Wednesday, November 01, 2006

The Seventh Sense



In the movie "The Sixth Sense" Bruce Willis plays a child psychologist whose young patient sees dead people. There is a bizarre plot twist at the end which I must give away in order to write this post . Fair warning to those who haven't yet seen this excellent movie. At the end of the movie Bruce Willis in essence discovers that he himself is the dead person and all the others around him are alive.

How like us. Christians have the Seventh Sense, not just the presence of dead people among us, but the presence of God in those people. Its holy day is celebrated on November 1st, the Feast of All Saints.

The dead we always have with us in our memories. And we know that that they have passed over to true Life. They are living the Reality, the Divine Truth, of which this present life is simply the shadowy reflection. They are always with God. Sometimes they are with us also.

Anyone who has lost a loved one knows what I am talking about. My mother died in September 1987. The last time I saw her alive with the seeing of the eyes on Friday, September 4, 1987. She was standing in her housecoat on the porch in the early morning light. She was waving to me as my father pulled out of the driveway to take me to the airport to travel home to Minnesota. The next Tuesday she had a massive heart attack and died in an arm chair in our living room.

In the Fall of 1988 I was assisting with the distribution of communion for the first time at the altar of my internship parish, First Lutheran Church, Longview Texas. During communion for the first time since her death I had the distinct sense that my mother was there with me. The sensation passed, and the service ended. Then, a family friend, my 4th grade Sunday School teacher, came up after church and said with tears in her eyes "Elizabeth was with us today. did you feel it?"

There are even larger "shiver moments" in this holy day. In a sense the curtain is drawn back today and we see a larger Reality, ourselves surrounded by the heavenly host of those who have gone before us to God.



It's an overwhelming feeling. At least for today, this reality ought to feel just as real or perhaps more real than the KFC meals, Excel spreadsheets, and the crunching autumn leaves stirred in the crisp morning air which frame my day.

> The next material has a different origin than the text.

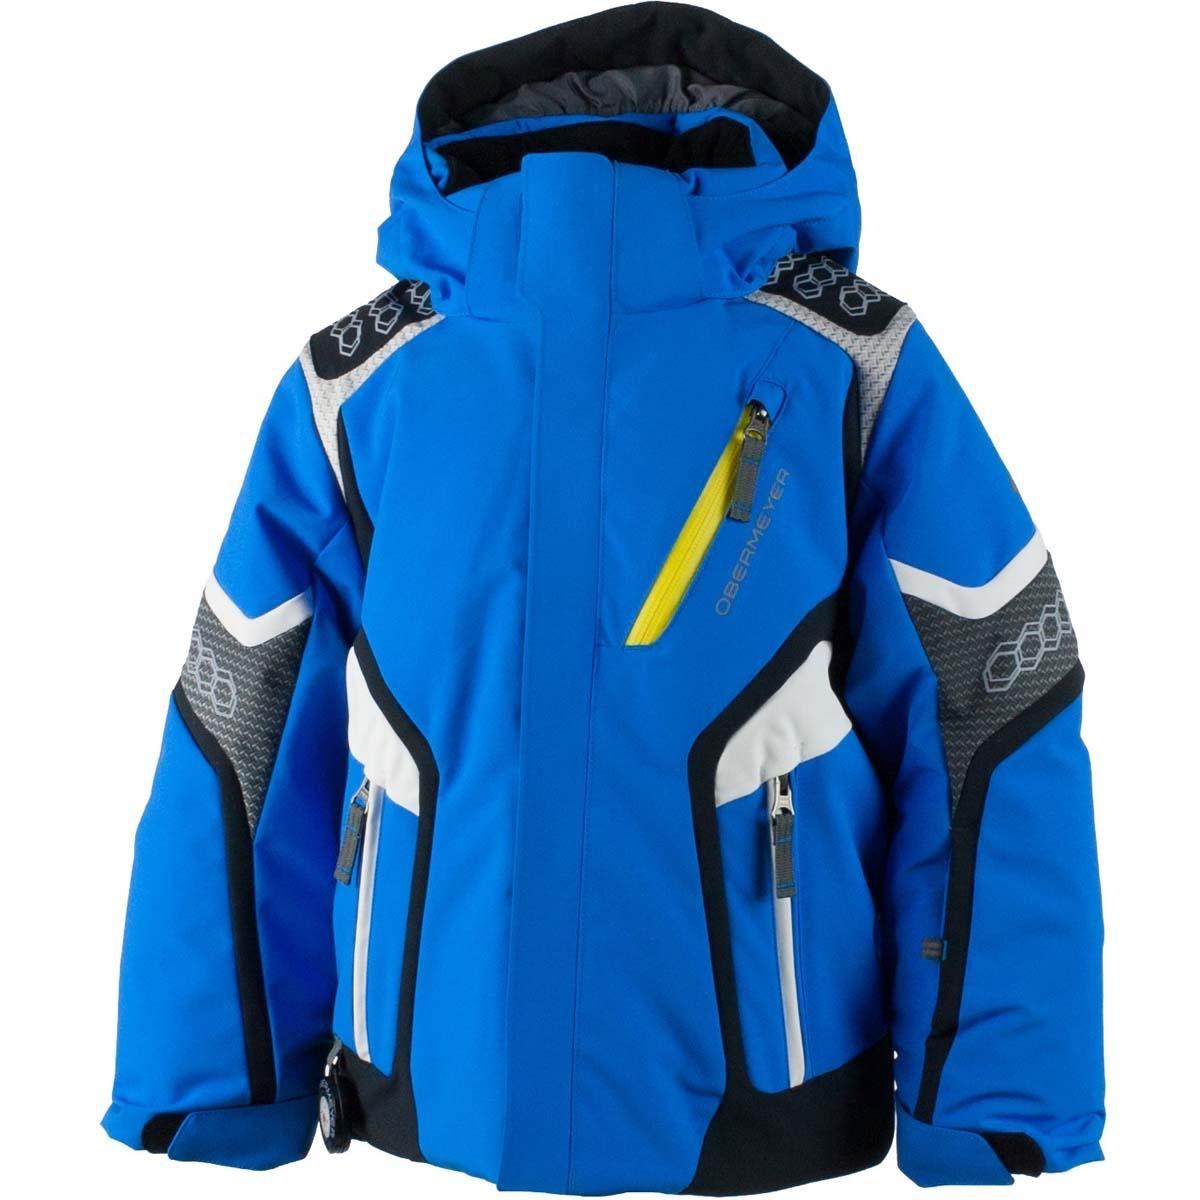 Obermeyer Kids Baby Boy's Cobra Jacket (Toddler/Little Kids/Big Kids) Stellar Blue 7

From the Scripture Reading for Evening Prayer I, Solemnity of All Saints:

You have drawn near to Mount Zion and the city of the living God, the heavenly Jeruslaem, to myriads of angels in festal gathering, to the assembly of the first-born enrolled in heaven, to God the judge of all, to the spirits of just men made perfect, to Jesus, the mediator of a new covenant, and to the sprinkled blood which speaks more eloquently than that of Abel.
Hebrews 12:22-24

We Catholic Christians have this Seventh Sense, with sense enough at least on occasion to perceive an unseen Reality, the God who is truly Real. As St Augustine put it, "we must fly to our beloved homeland. There the Father is, and there is everything." I am sure that is what William of St Thierry was praying about when he wrote the Countryman's Prayer in the right sidebar.

Today, make this prayer mine, Lord. give me the Seventh Sense. Bring me Home.

1 comment:

ukok said...

It's a very good flick, I agree. I particularly like the twist at the end.